* What to do *
For every line below, output the text exactly and leave out images.

* Data *
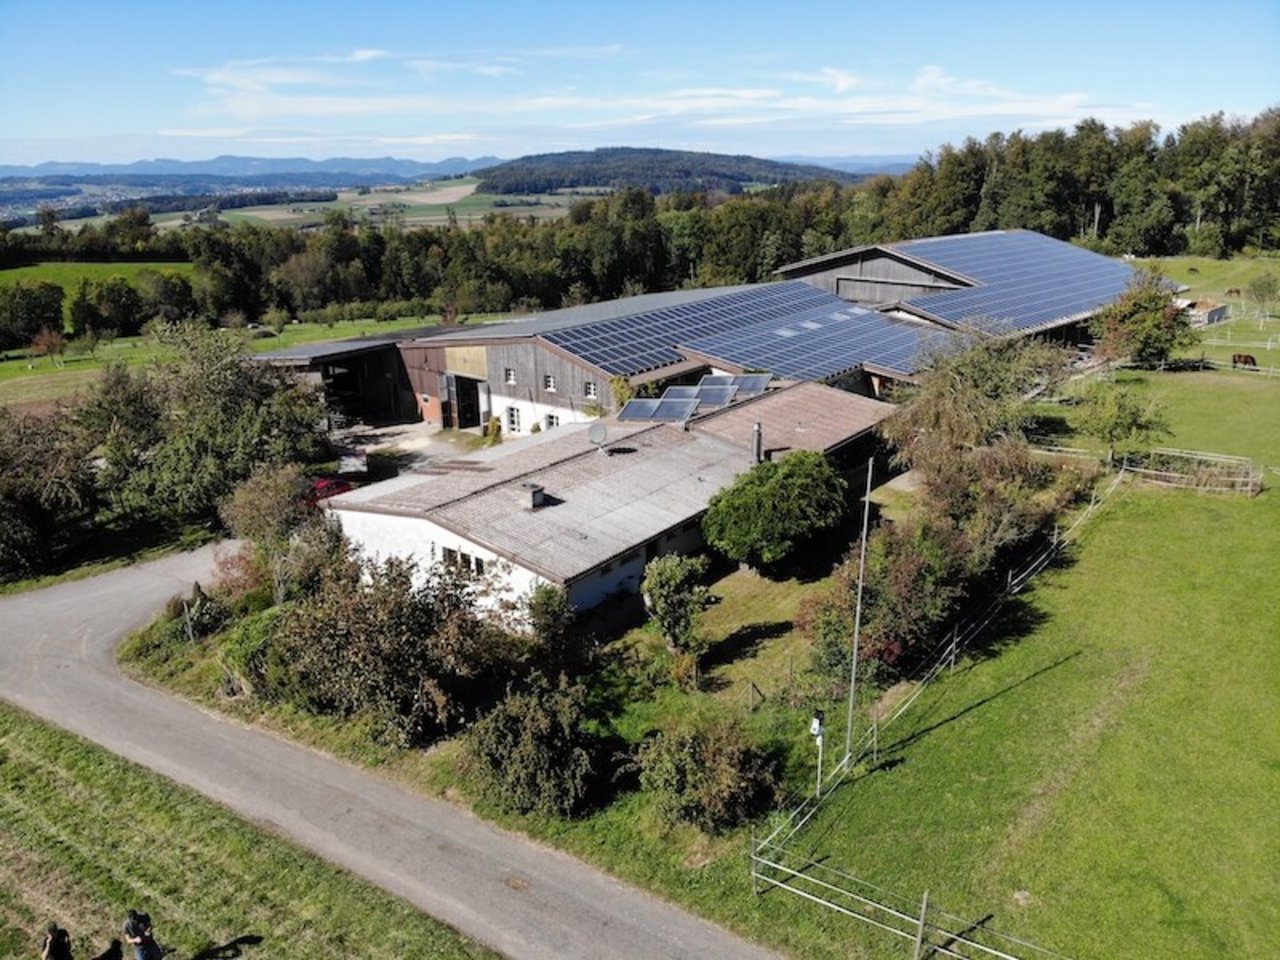 2600 m2 Solarpanels zieren das Dach vom Erushof und produzieren 400 '000 kW Strom pro Jahr. (Bild zVg)
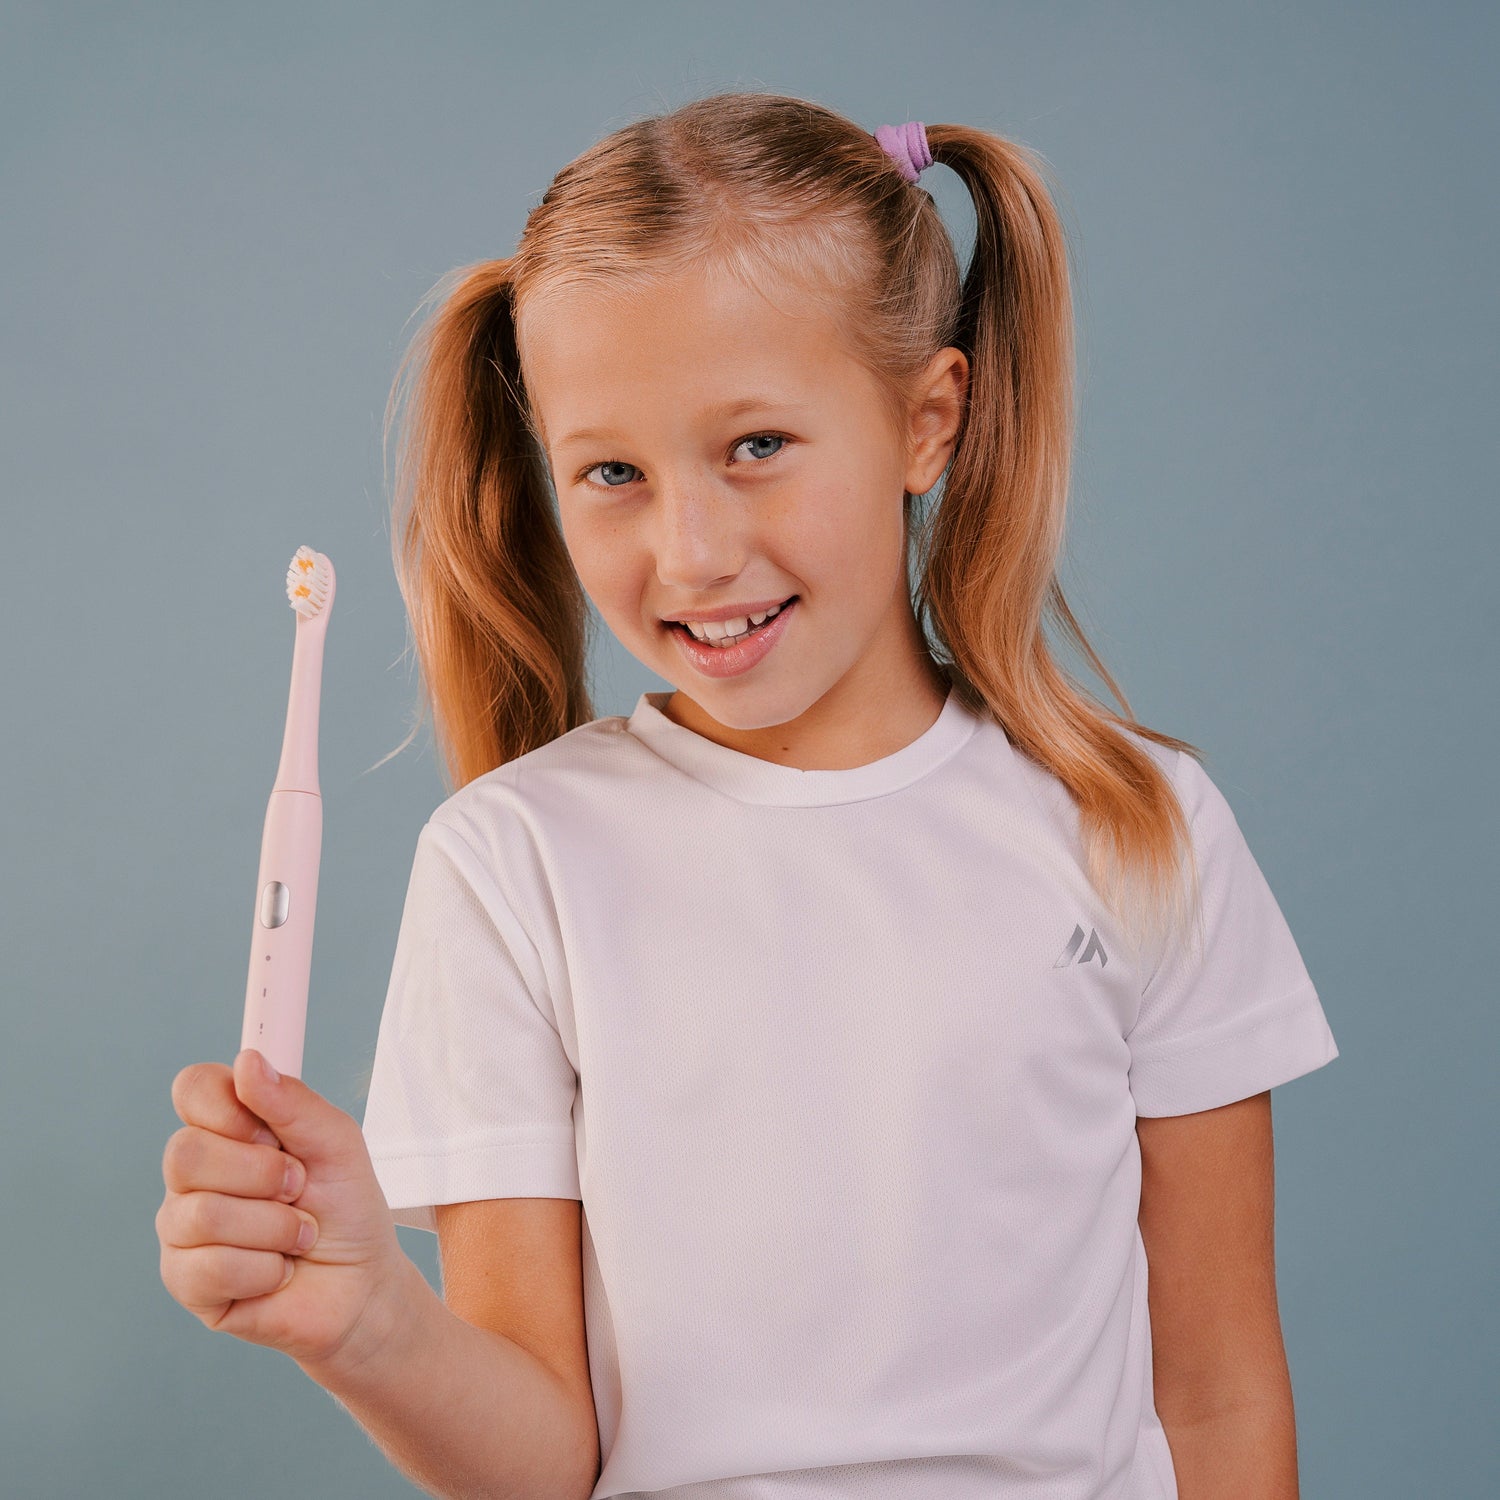 НАБОР детская электрическая зубная щетка Smiley Light розовая купити дитячу електричну зубну щітку купить детскую электрическую зубную щетку купить электрощетку детскую електрична зубна щітка дитяча зубні щітки електричні дитячі
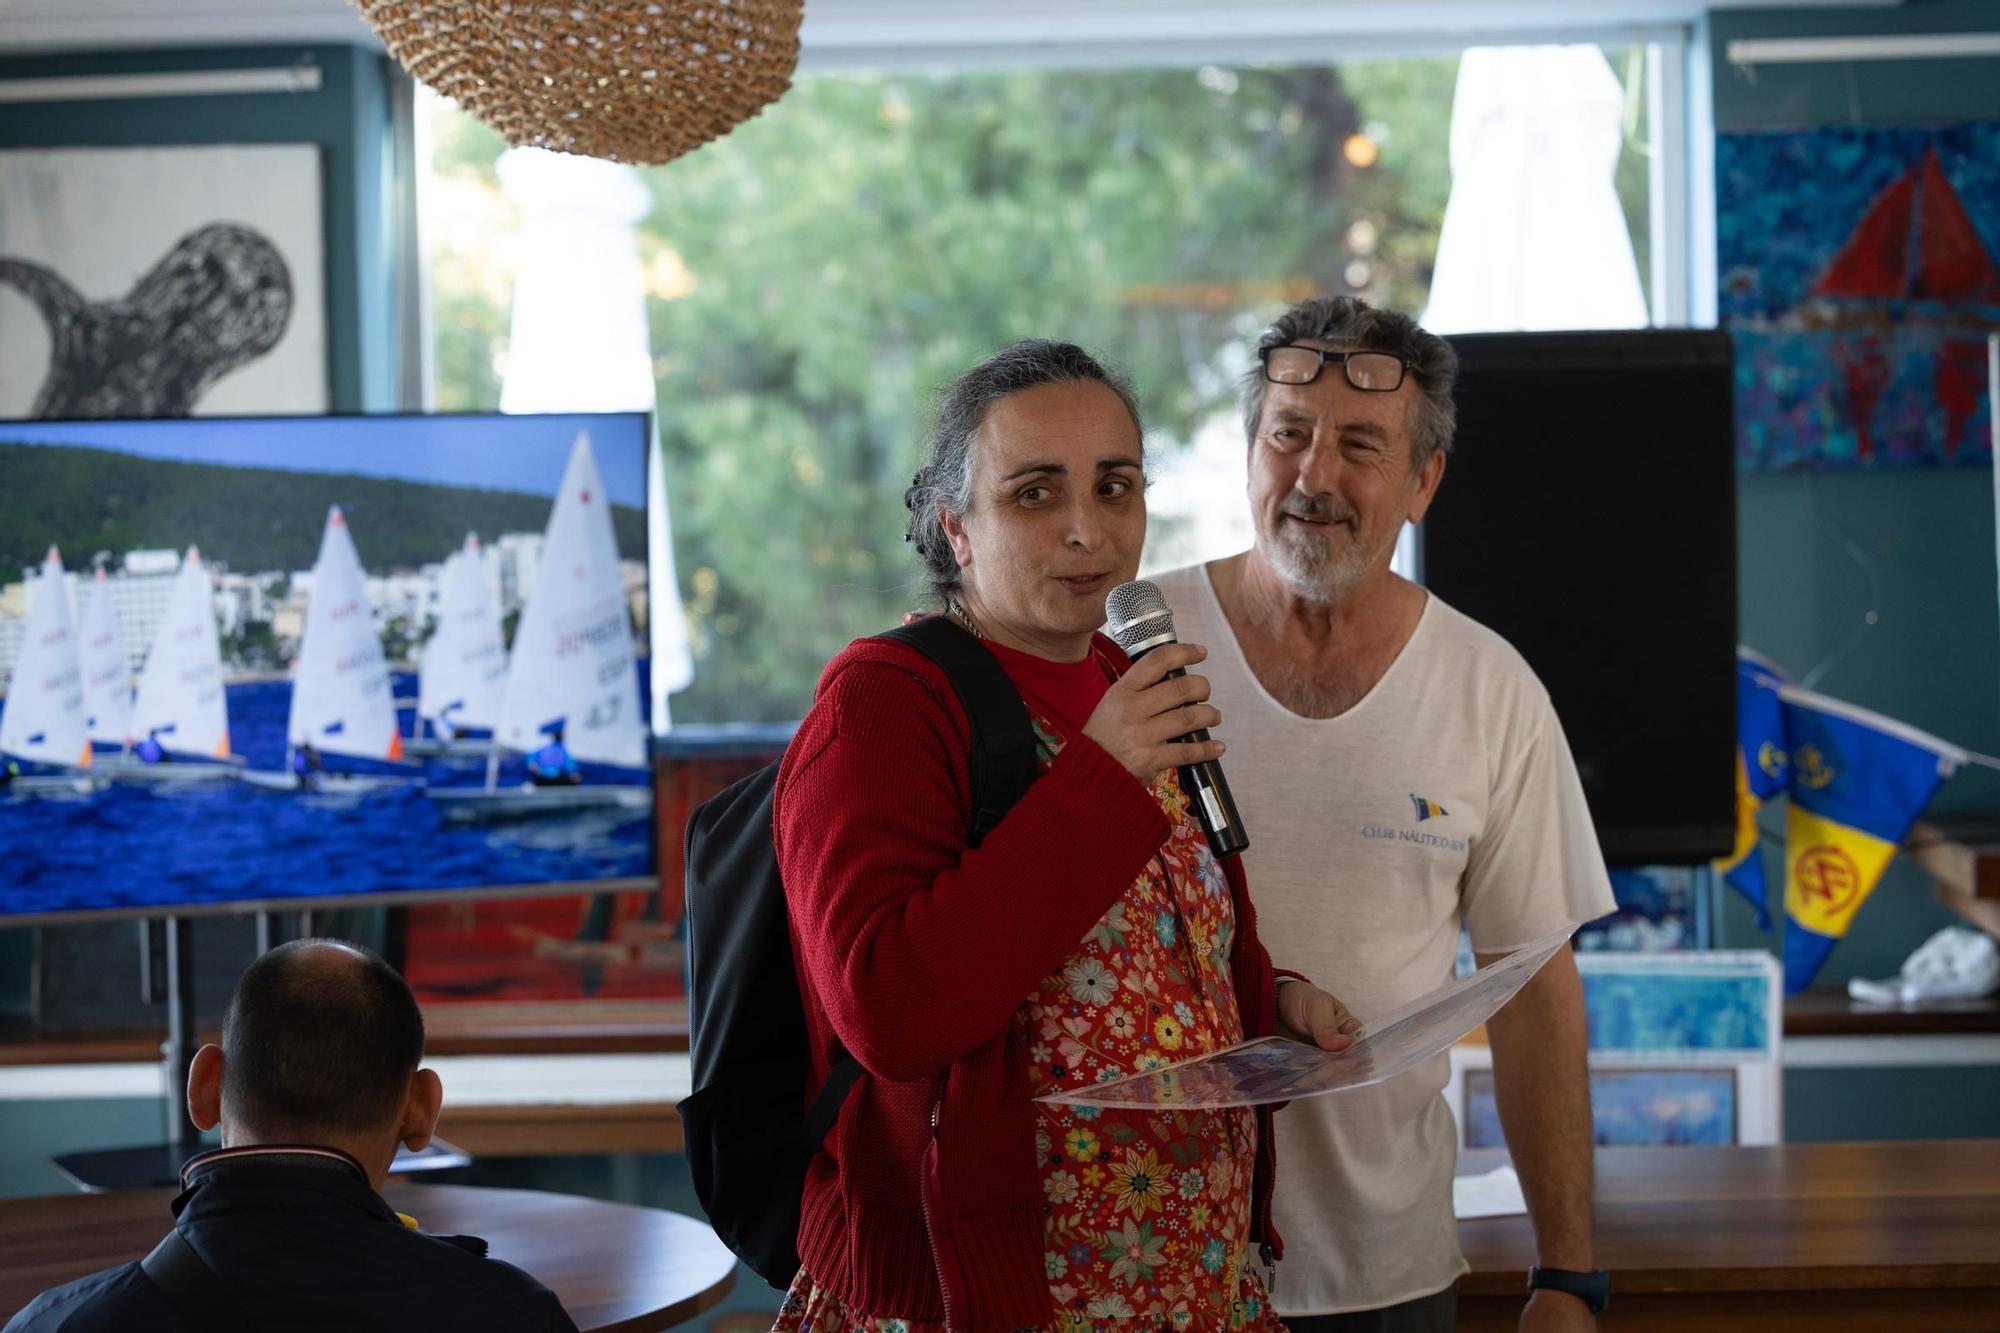 Galería: Un mar de posibilidades en Club Náutico Ibiza

* Answer to this exercise *
 2600 m2 Solarpanels zieren das Dach vom Erushof und produzieren 400 '000 kW Strom pro Jahr. (Bild zVg)
 НАБОР детская электрическая зубная щетка Smiley Light розовая купити дитячу електричну зубну щітку купить детскую электрическую зубную щетку купить электрощетку детскую електрична зубна щітка дитяча зубні щітки електричні дитячі
 Galería: Un mar de posibilidades en Club Náutico Ibiza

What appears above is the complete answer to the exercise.